BEGIN Task data

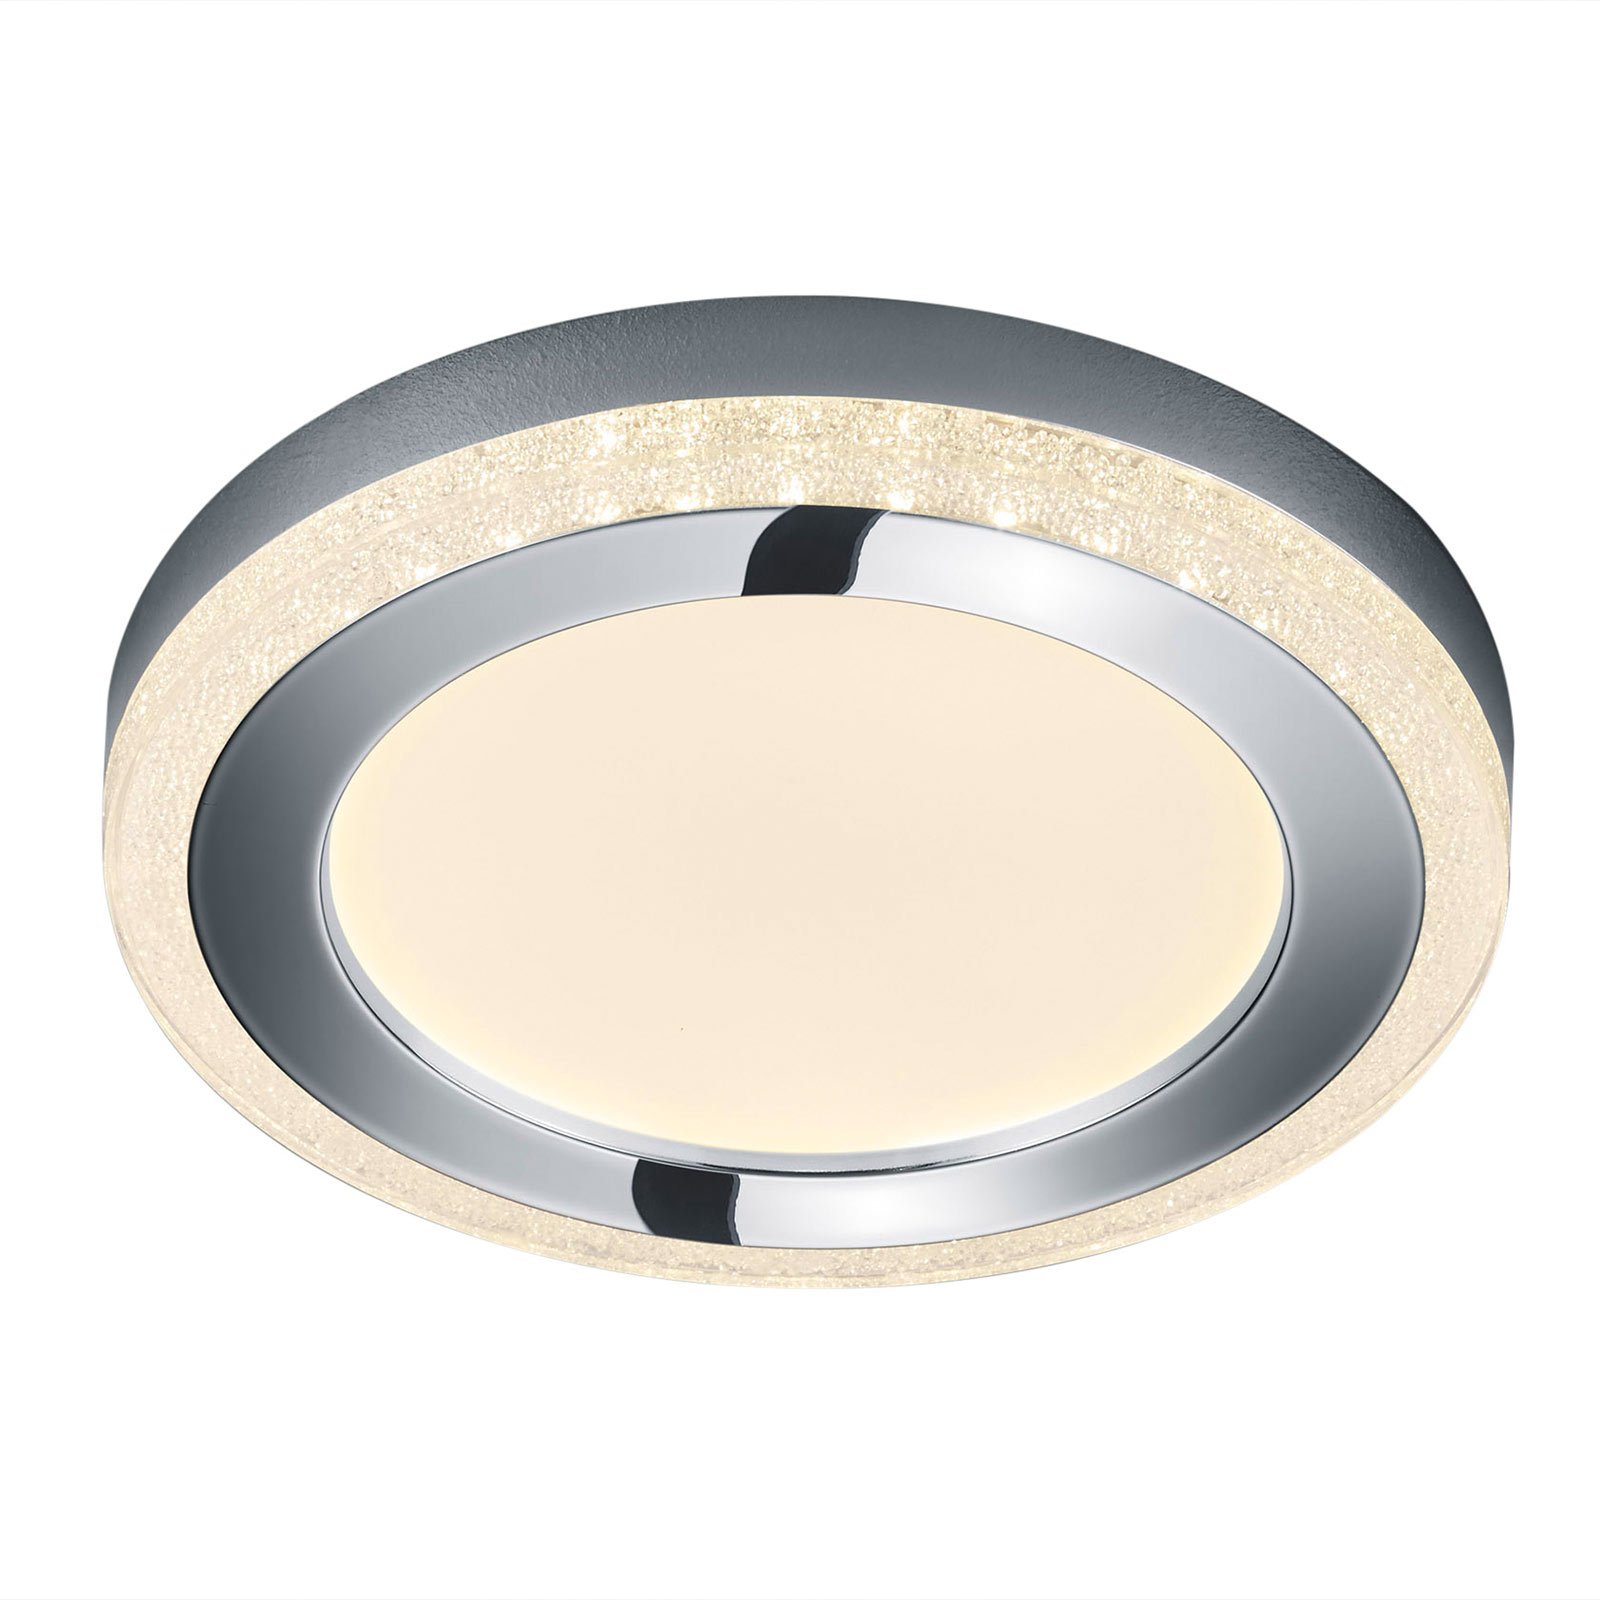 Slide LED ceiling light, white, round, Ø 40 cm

END Task data
BEGIN Task data

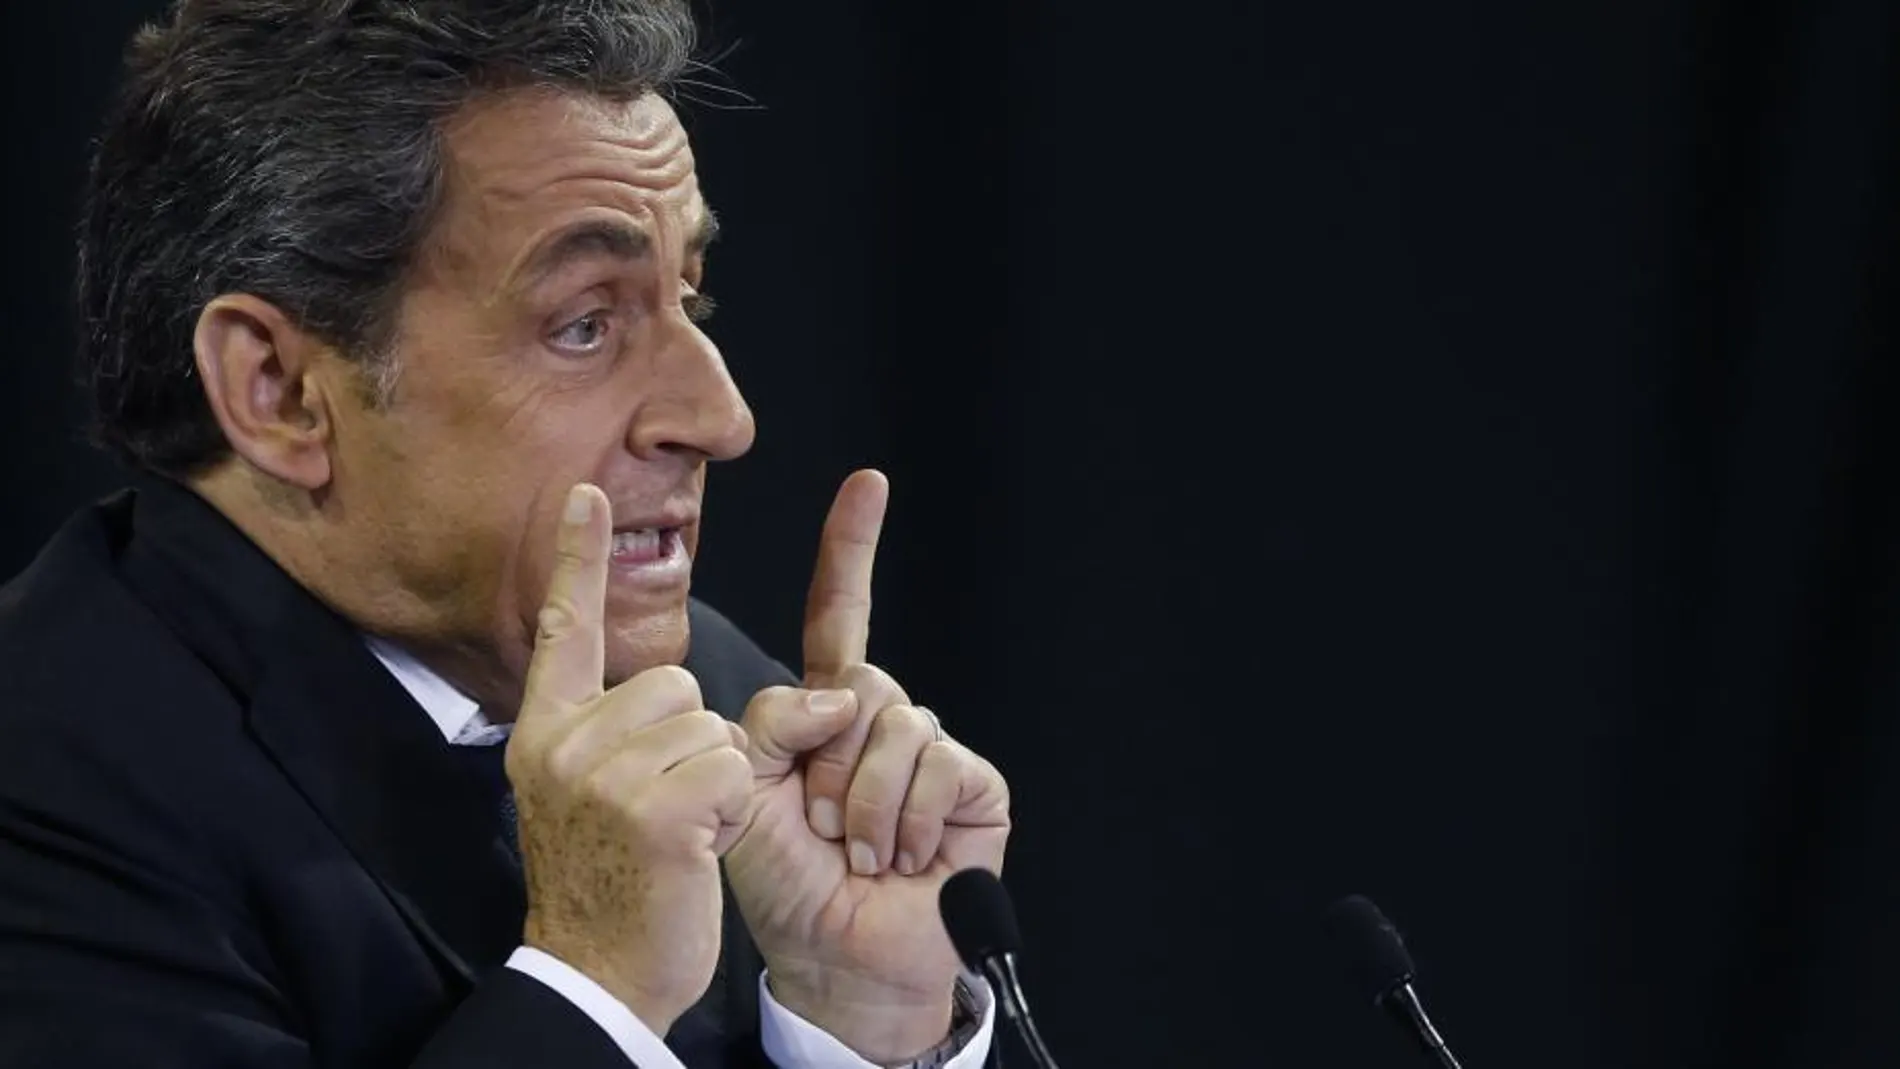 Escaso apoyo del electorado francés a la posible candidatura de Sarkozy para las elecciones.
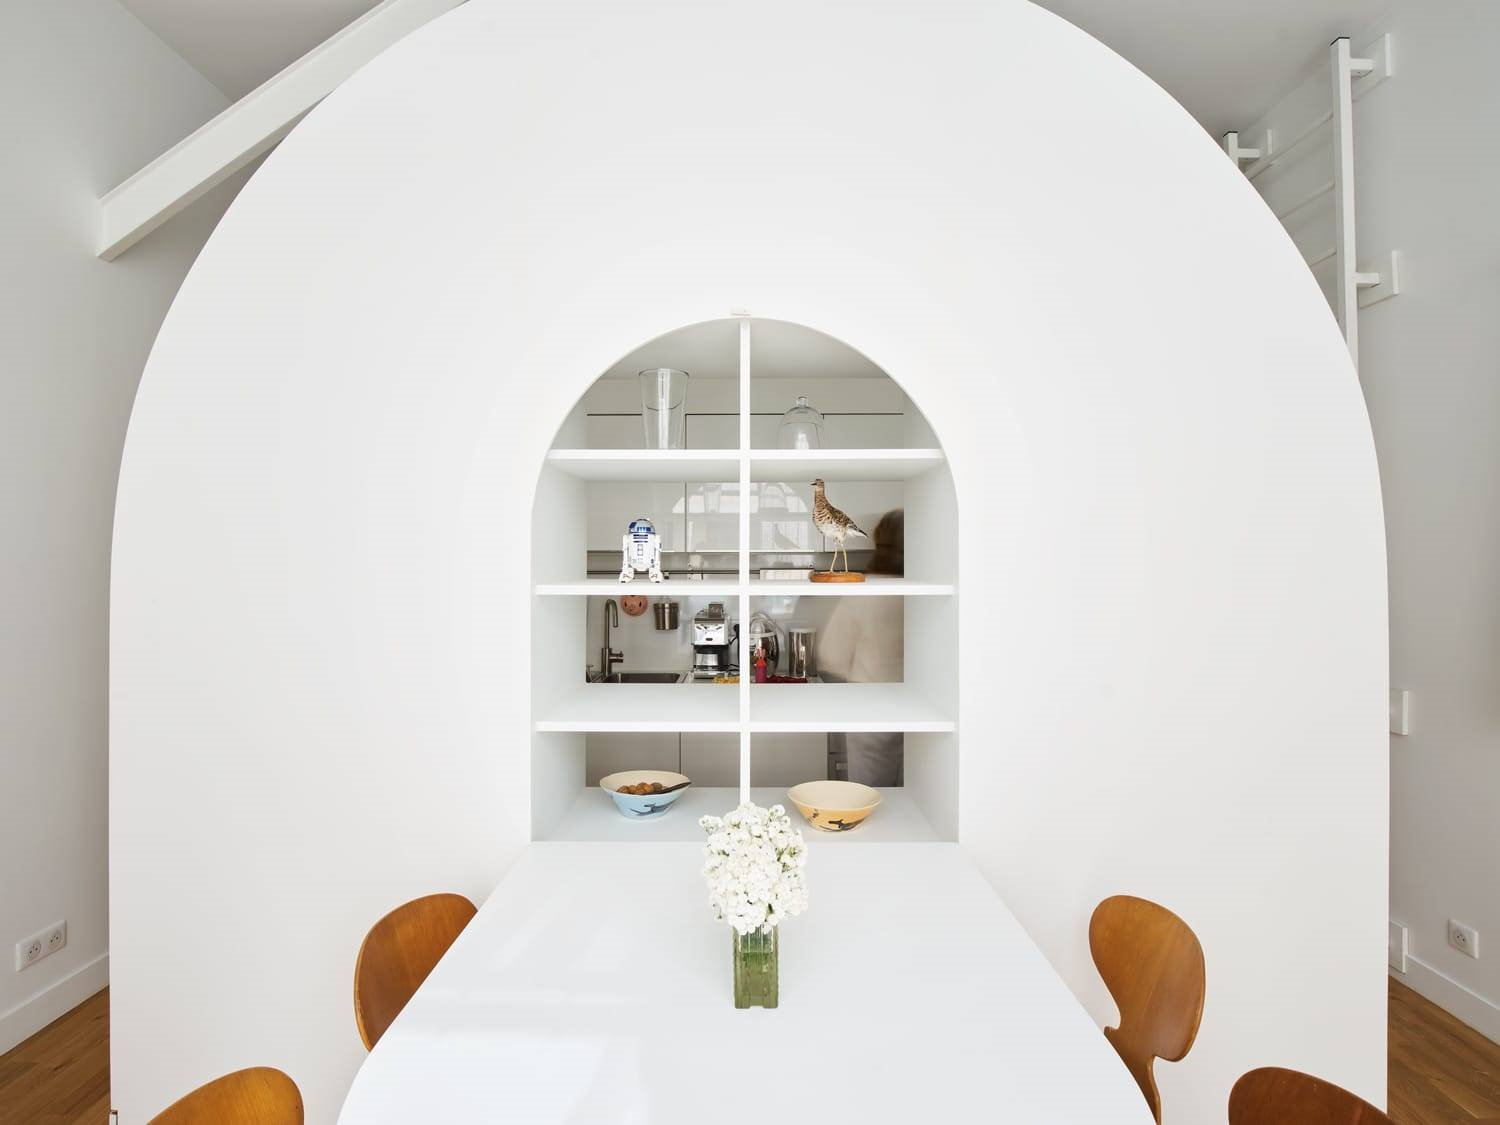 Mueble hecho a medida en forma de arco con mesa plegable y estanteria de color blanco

END Task data

● Task brief
Word for word, repeat the lines above from the one with "Escaso apoyo del" through the one with "Mueble hecho a", and nothing beyond them. Omit the pictures.

● Result below
 Escaso apoyo del electorado francés a la posible candidatura de Sarkozy para las elecciones.
 Mueble hecho a medida en forma de arco con mesa plegable y estanteria de color blanco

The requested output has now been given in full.